* **About this exercise**:
Every line below is to be set down again exactly; any image stays out.

* **Data**:
---+---

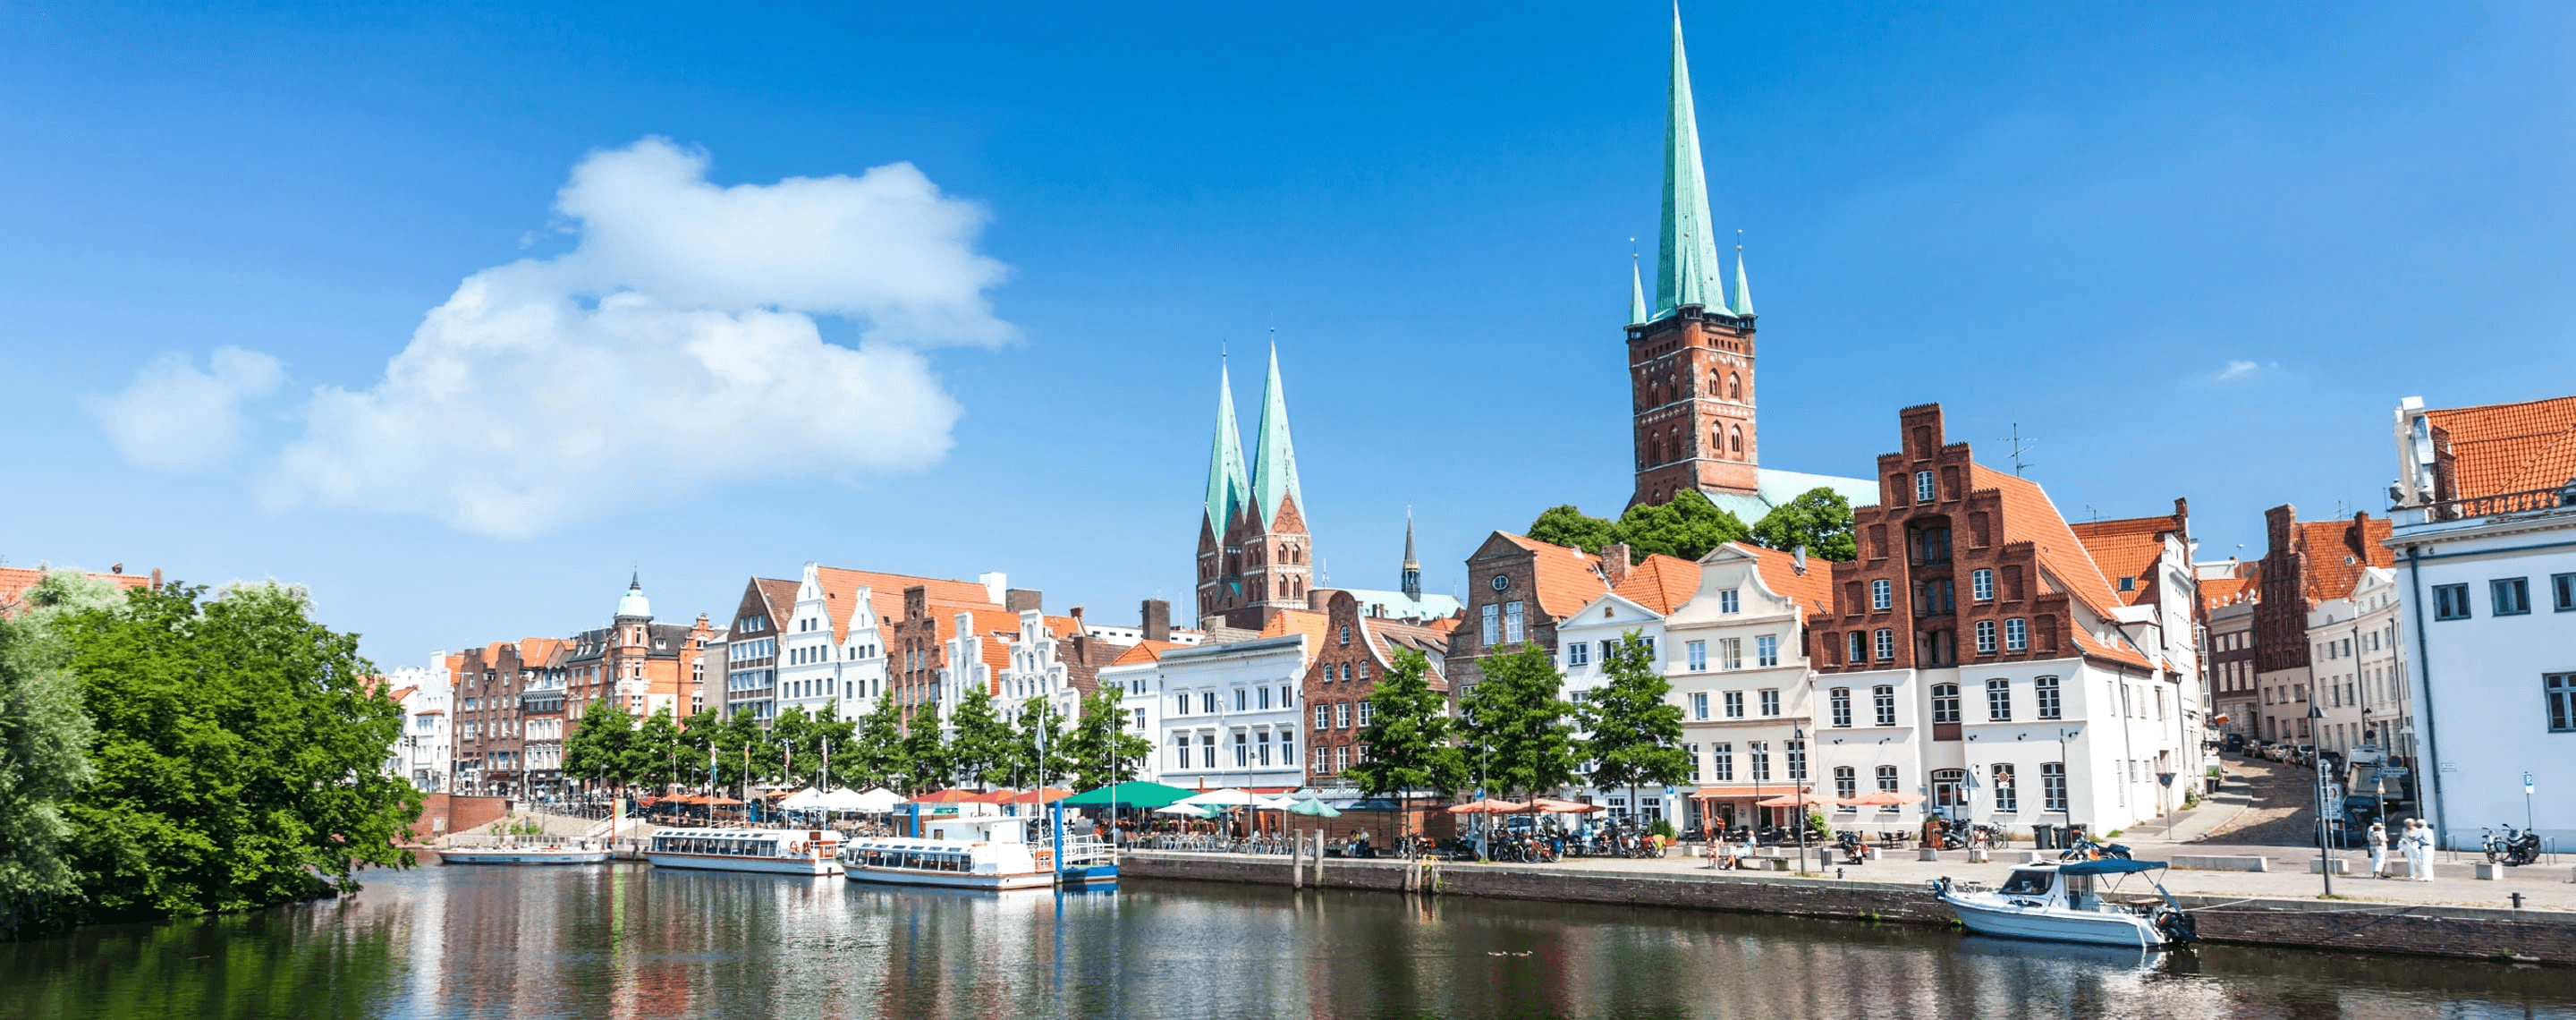 Sicht auf die Altstadt von Lübeck
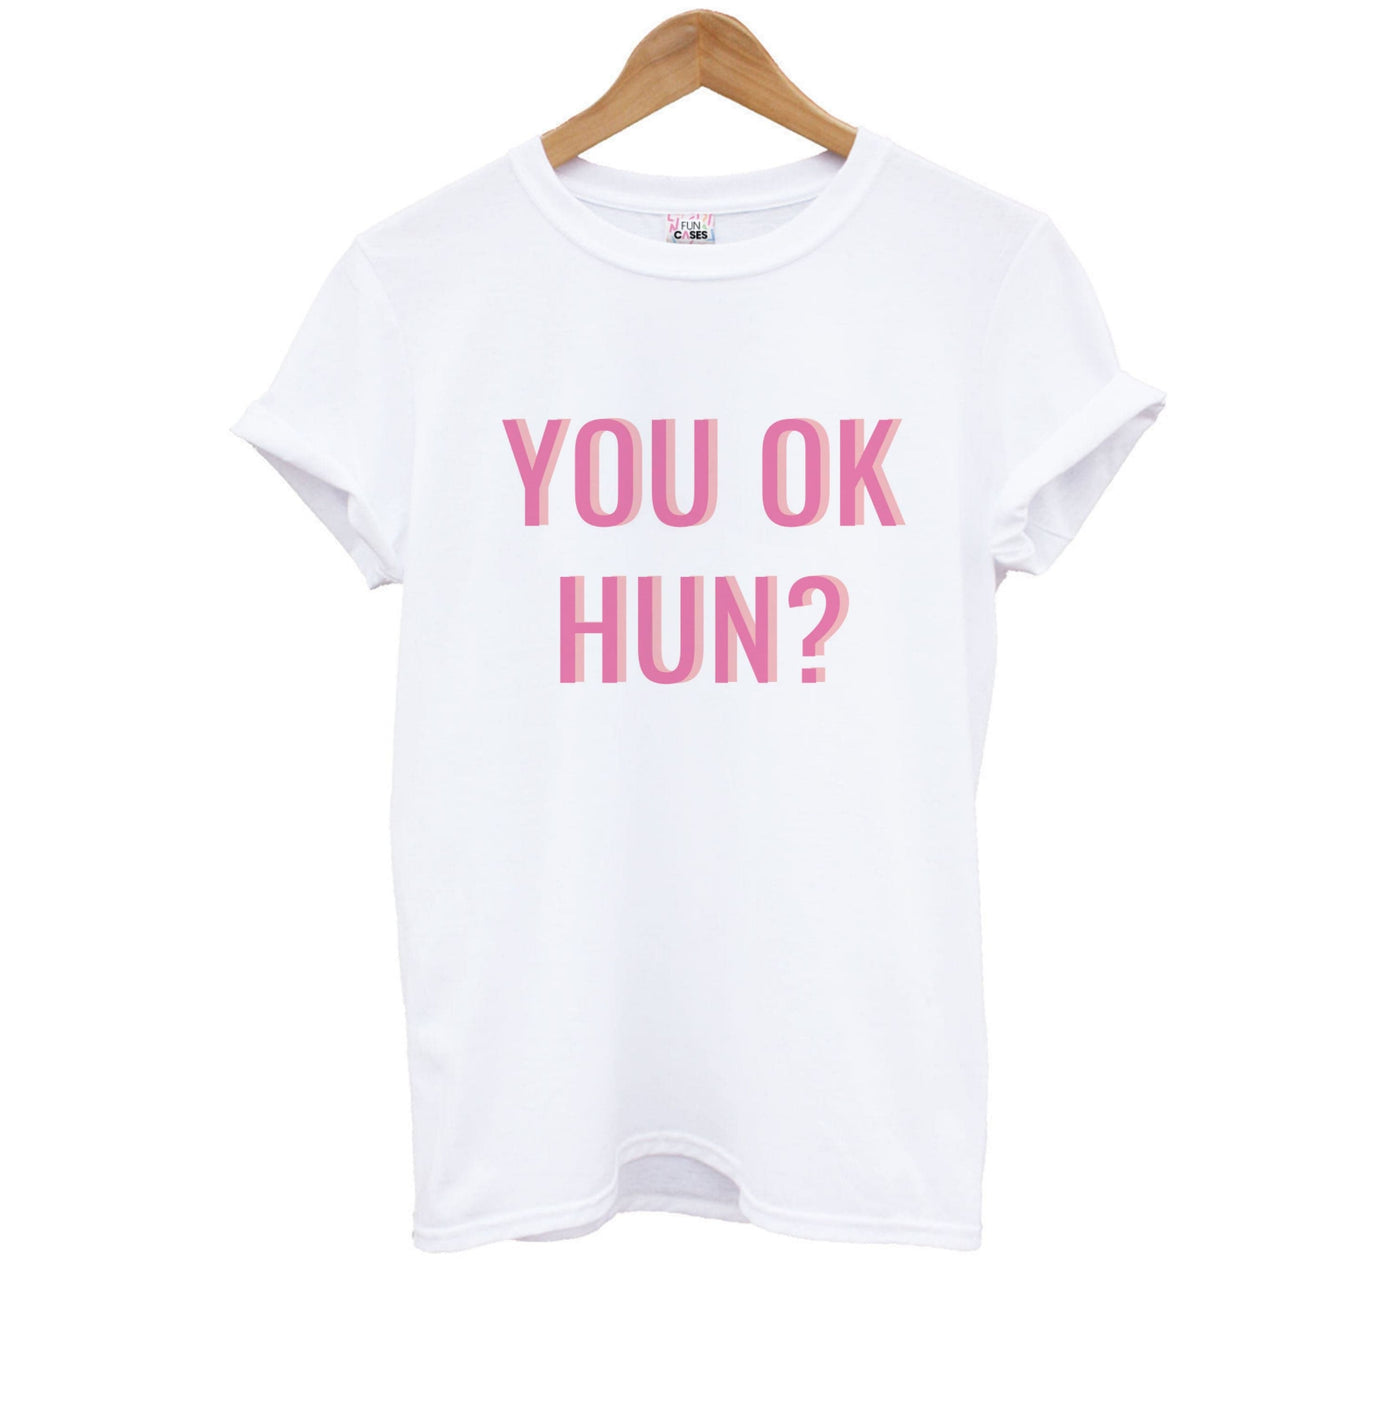 You OK Hun? Kids T-Shirt
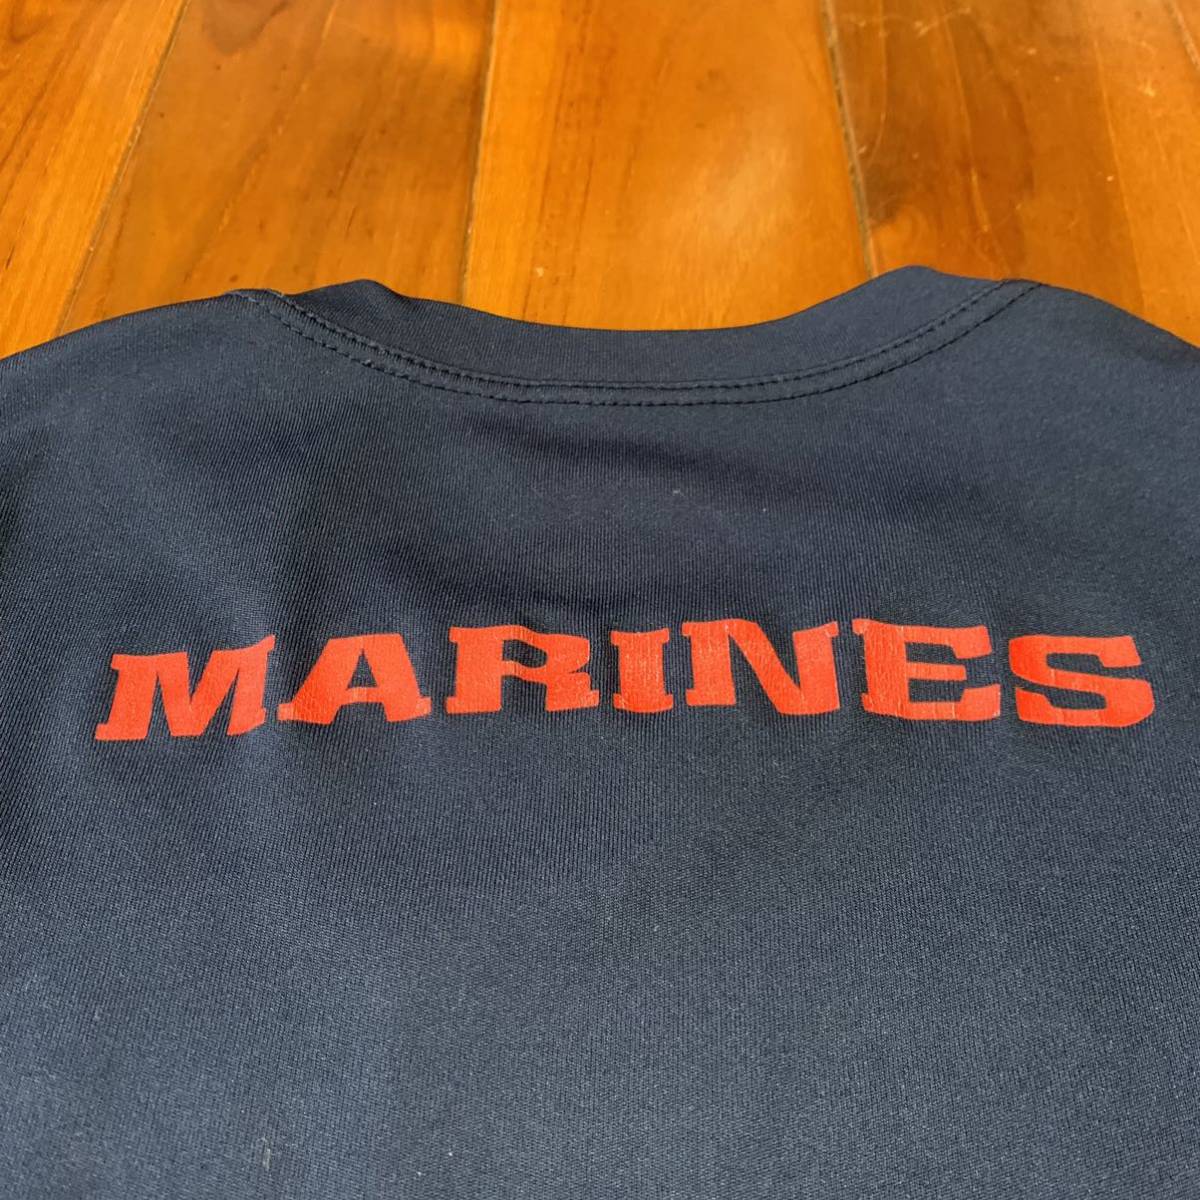  Okinawa вооруженные силы США сброшенный товар USMC MARINE короткий рукав футболка стиль мода б/у одежда Vintage MEDIUM темно-синий ( контрольный номер KL8)

---+---

* **Written reply**:
 Sicht auf die Altstadt von Lübeck
 You OK Hun? Kids T-Shirt
  Okinawa вооруженные силы США сброшенный товар USMC MARINE короткий рукав футболка стиль мода б/у одежда Vintage MEDIUM темно-синий ( контрольный номер KL8)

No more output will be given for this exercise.